Garfield County moves toward stricter regulation of mining projects |

Garfield County moves toward stricter regulation of mining projects

In this March 2018 file photo, a truck leaves the Rocky Mountain Resources limestone quarry on lower Transfer Trail north of Glenwood Springs.
Chelsea Self / Post Independent file

Two months into a six-month moratorium on mining and gravel permits, Garfield County is moving toward stricter regulations on rock mining projects.

The commissioners imposed the moratorium in November after RMR Industrials informed state regulators it would seek an update to their current permit for the Mid-Continent limestone quarry north of Glenwood Springs.

The tighter regulations would require mining projects to submit a host of more detailed reports and impact analyses when seeking a permit.

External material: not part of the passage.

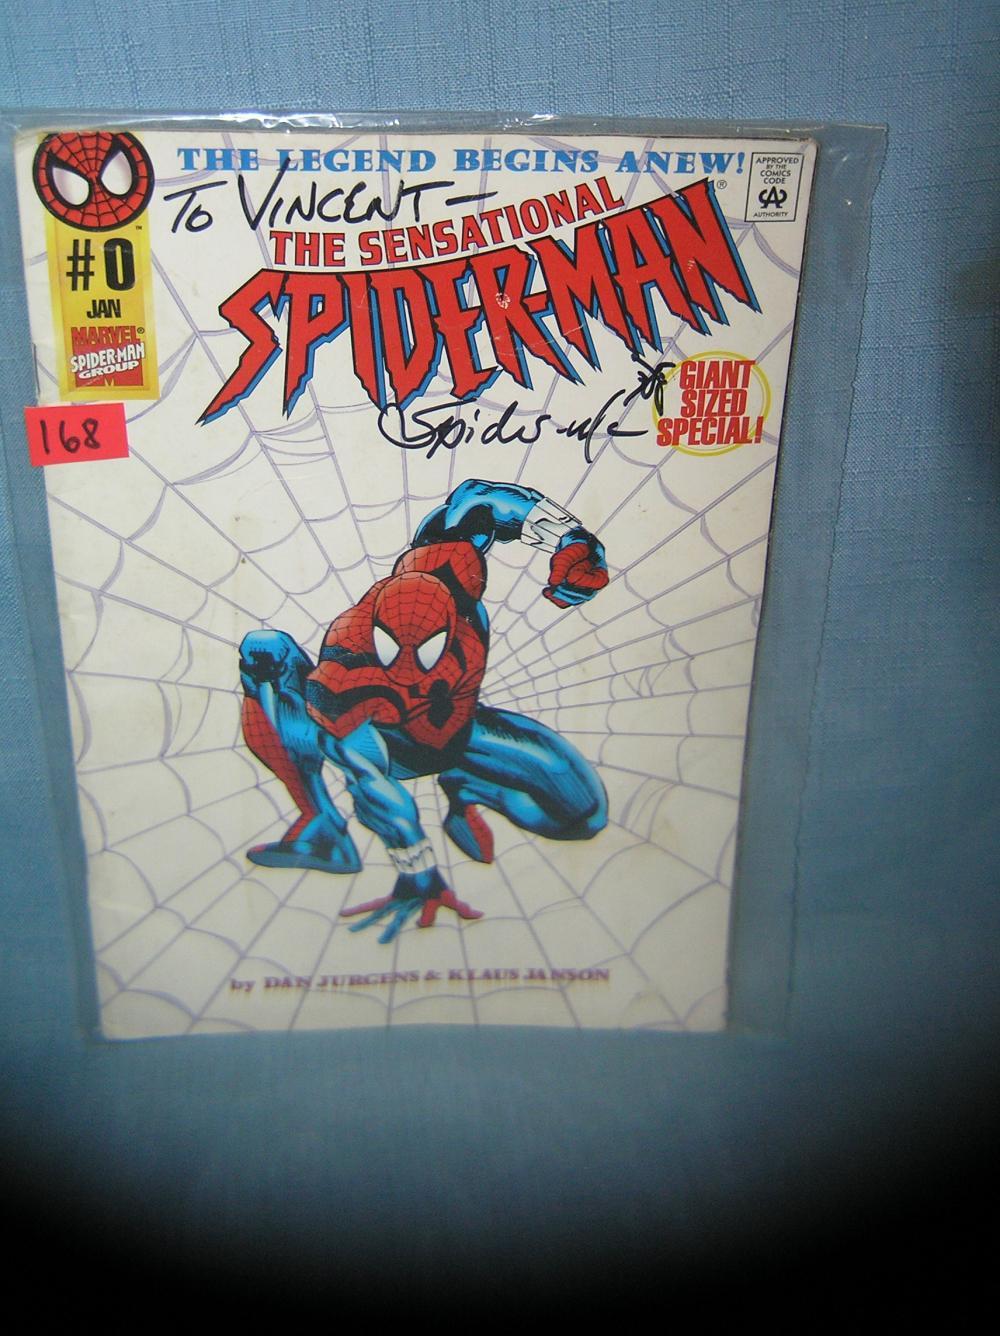 Lot 168: VINTAGE AUTOGRAPHED MARVEL SPIDERMAN COMIC BOOK

Bobby Wagner, vice president of RMR, attended the meeting and asked the commissioners whether the additional regulations would duplicate studies for other regulatory agencies.

“What is the county’s plan as far as those additional deep-dive studies that will be allowed with (the proposed regulations), if they’ve already been completed at a previous stage in the game?” Wagner asked.  

County staff would review reports to see if they meet the requirements under the new rules, commission chair John Martin replied.

RMR is in the process of seeking a Bureau of Land Management permit to expand the existing limestone quarry, but would need permits from the state of Colorado and Garfield County as well.

The goal of looking at new regulations is an opportunity for the board of commissioners to “make sure that you’re protecting the citizens from the impacts of mining that are not covered by other regulatory systems,” consultant Barbara Green told a special meeting of county commissioners Wednesday.

The process Garfield County plans on using is known as 1041 regulations, named for the 1974 law that allowed counties to require more permitting of areas and activities that are of importance to the state.

In a way, the 1041 powers were the state’s way of deputizing counties to regulate local concerns through county-level permitting, but 1041 regulations don’t replace regulations from state agencies.

The county has clear regulations on gravel projects, which will stay mostly the same, but county staff believes mining regulations could be strengthened, senior county planner Sheryl Bower told the commissioners.

“Looking at how extensive the gravel (regulation) was and what we have on mining, we really see a lot of opportunity to improve what we have on the mining side,” Bower said.

Under the current code, mining projects must submit impact analysis, but under 1041, applicants could be required to submit socioeconomic impact analysis, a description of technical and financial feasibility of the project, and environmental impact analysis on a host of areas, according to a county staff report.

“It’s a much more thorough package of submittal requirements,” county planner Glenn Hartmann said.

One concern in the process, which the staff will consider while drafting the new regulations, is the burden of enforcing tighter regulations.

“Applications on review of permits, etc., are quite lengthy and expensive for the applicant, depending on what you adopt,” Martin said.

“It’s not our intent to make the regulations more onerous,” Bower said.

The 1041 regulations are scaled to the size and impacts of a proposed project.

“If someone comes in with some sort of a proposal for mining, and it was so self-evidently not going to cause impacts, you go through an administrative process and you can make a finding of no significant impact. That’s a very valuable thing to have in your regulations,” Green said.

The county already uses 1041 powers to regulate airports, major roadways, transit projects, water and landfills.

The commissioners plan to hold a public meeting on draft 1041 regulations in May. The moratorium expires May 18.